0

'Hiring our Heroes' highlights challenges for vets looking for work

A representative of the Texas Department of Public Safety gives information to a job seeker at Wednesday’s “Hiring our Heroes” event at Albany Technical College.

A representative of the Texas Department of Public Safety gives information to a job seeker at Wednesday’s “Hiring our Heroes” event at Albany Technical College.

ALBANY, Ga. — After spending years in the service of their country, veterans often find it hard transitioning to a civilian work force. Throw in a sputtering economy, and finding gainful employment can be down-right impossible for many vets.

Area veterans had an exclusive invitation Wednesday to a job fair sponsored by the Albany Area Chamber of Commerce, Albany Technical College and the U.S. Chamber of Commerce and its many partners.

MOBILE USERS: Click here to see the video.

“Part of our mission, our personal mission, is to help these veterans and military spouses find gainful employment again as well as to put the message out there to the community that there are veterans looking for work,” said Ernie Lombardi, founder of EBL Promotions and a contractor hired to organize the “Hiring our Heroes” job fairs in the Southeast.

According to some who came to Wednesday’s fair, vets have a number of challenges in finding employment. One, as was the case for former U.S. Army soldier Sylvia Rivers, is talking an employer into hiring despite medical issues that demand routine visits to the Veterans Administration Clinic.

"Some veterans like myself have service-connected disabilities," Rivers said. "And even though they say its not a hindrance to their decision to hire you, it is, because I go to pretty regular VA appointments, which means that you're basically not at work because you're at VA appointments."

Some vets also are plagued with the fact that many in the civilian world just don't understand what it was that they did while they were in the military.
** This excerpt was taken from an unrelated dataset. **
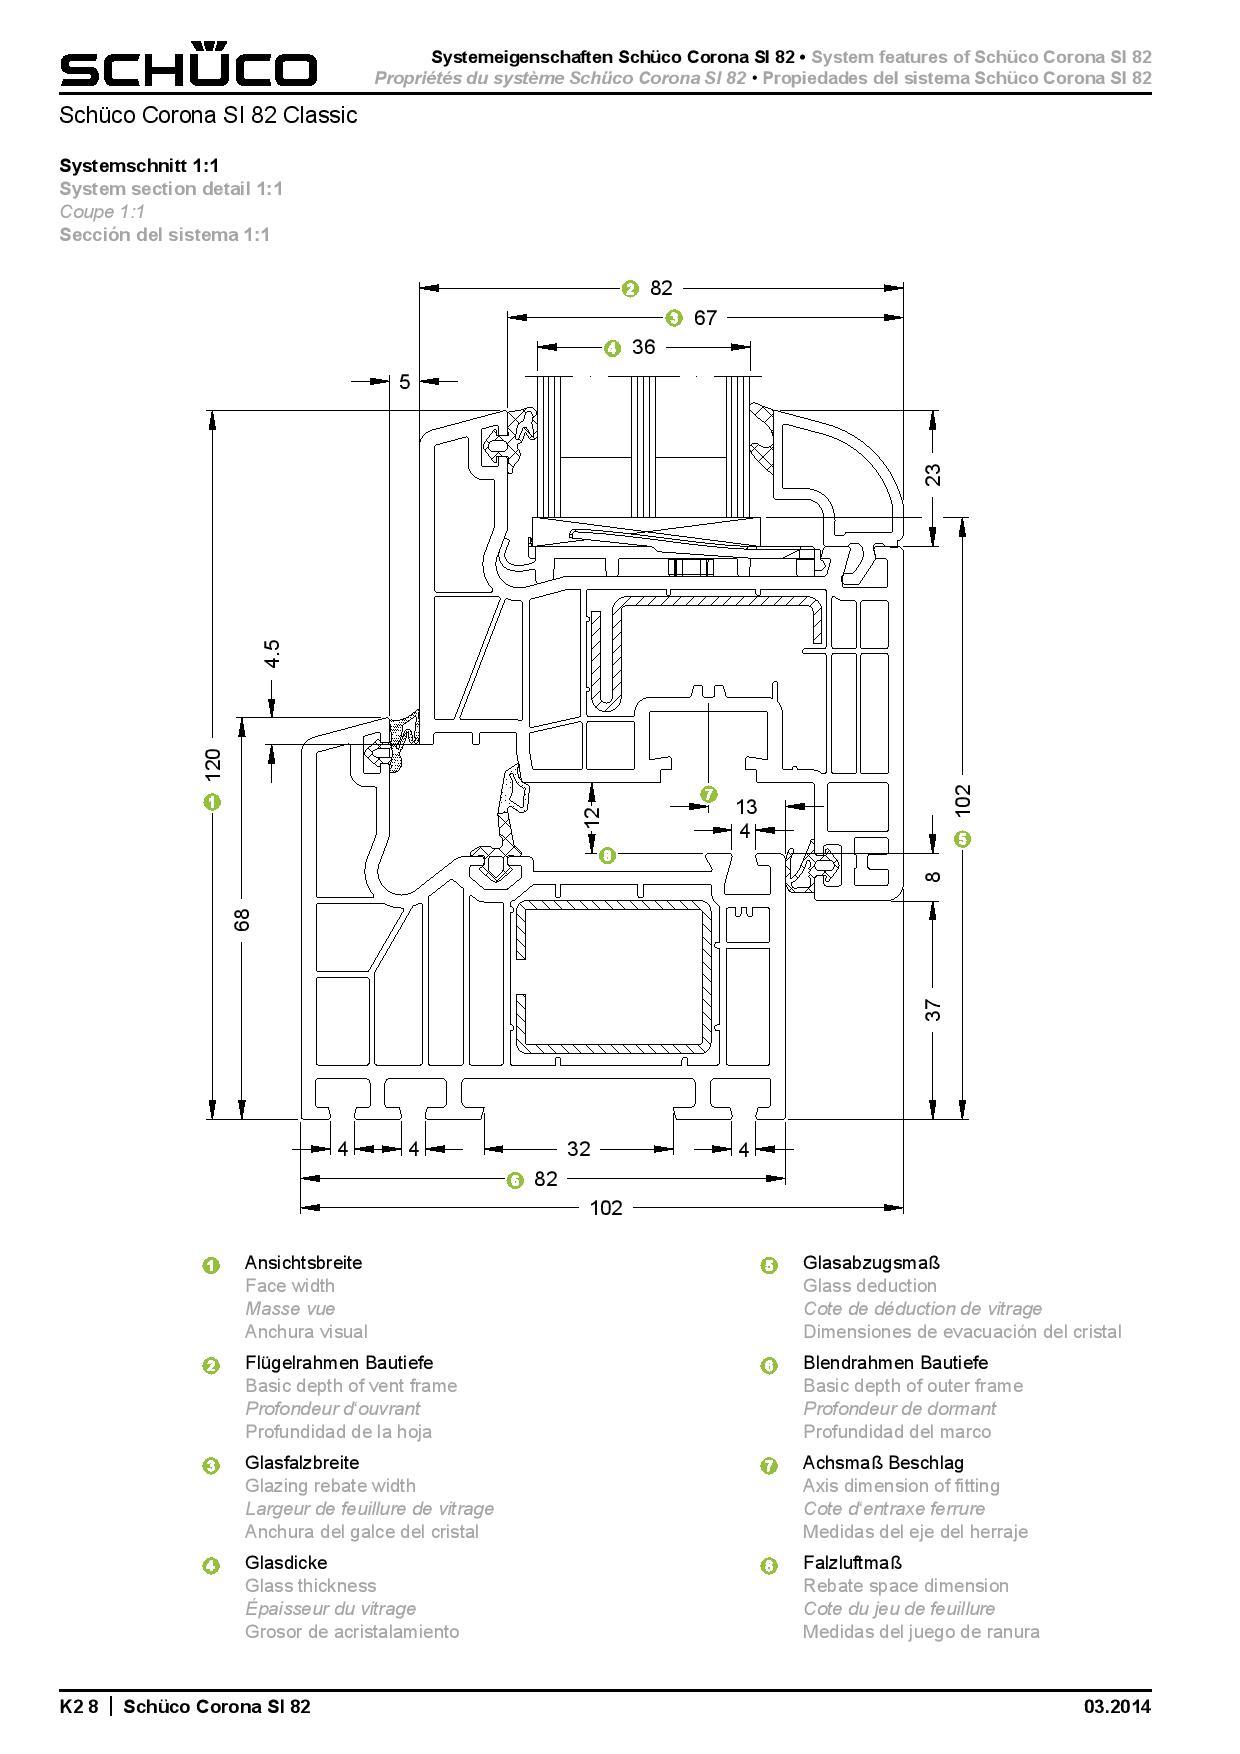 Niedlich 82 Erstaunliche Webstuhl Diagramm Bildinspirationen Fotos ...

"There are some challenges out there for veterans, absolutely, and most of it revolves around transitional skills," Lombardi said. "Like explaining exactly what they did in the military and how that relates to the job in the civilian sector."

While vets have been in the news in recent years as the recipients of renewed attention towards employment, data released by the federal government suggests they are recovering from the recession on a pace that is at least on par with, if not better than, non-veterans.

According to a March 2013 report by the U.S. Department of Labor, the jobless rate for all veterans in the U.S. continued a decline, ending the month at 7 percent.

Comparatively, the unemployment rate for all Americans during the same time period was 7.6 percent.

For 2012, unemployment among male veterans dipped 1.4 percentage points from 2011 to 6.9 percent. The level for female vets stayed stagnant at 8.3 percent.

Gulf-war era II vets — which are described as anyone who entered the service after Sept 11, 2001 — are experiencing a tougher time finding work, according to the numbers.

Among those who served in Iraq, Afghanistan or both, Gulf War Era II vets had an unemployment rate of 10.9 percent in August 2012.

According to the Defense department, vets outnumber non-veterans in four of the seven major industrial sectors including public administration; transportation, warehousing, and utilities; manufacturing; and professional, scientific management, and waste management.

Non-veterans hold the edge in retail; education, healthcare, and social assistance; and arts, entertainment, accommodation, food and recreation.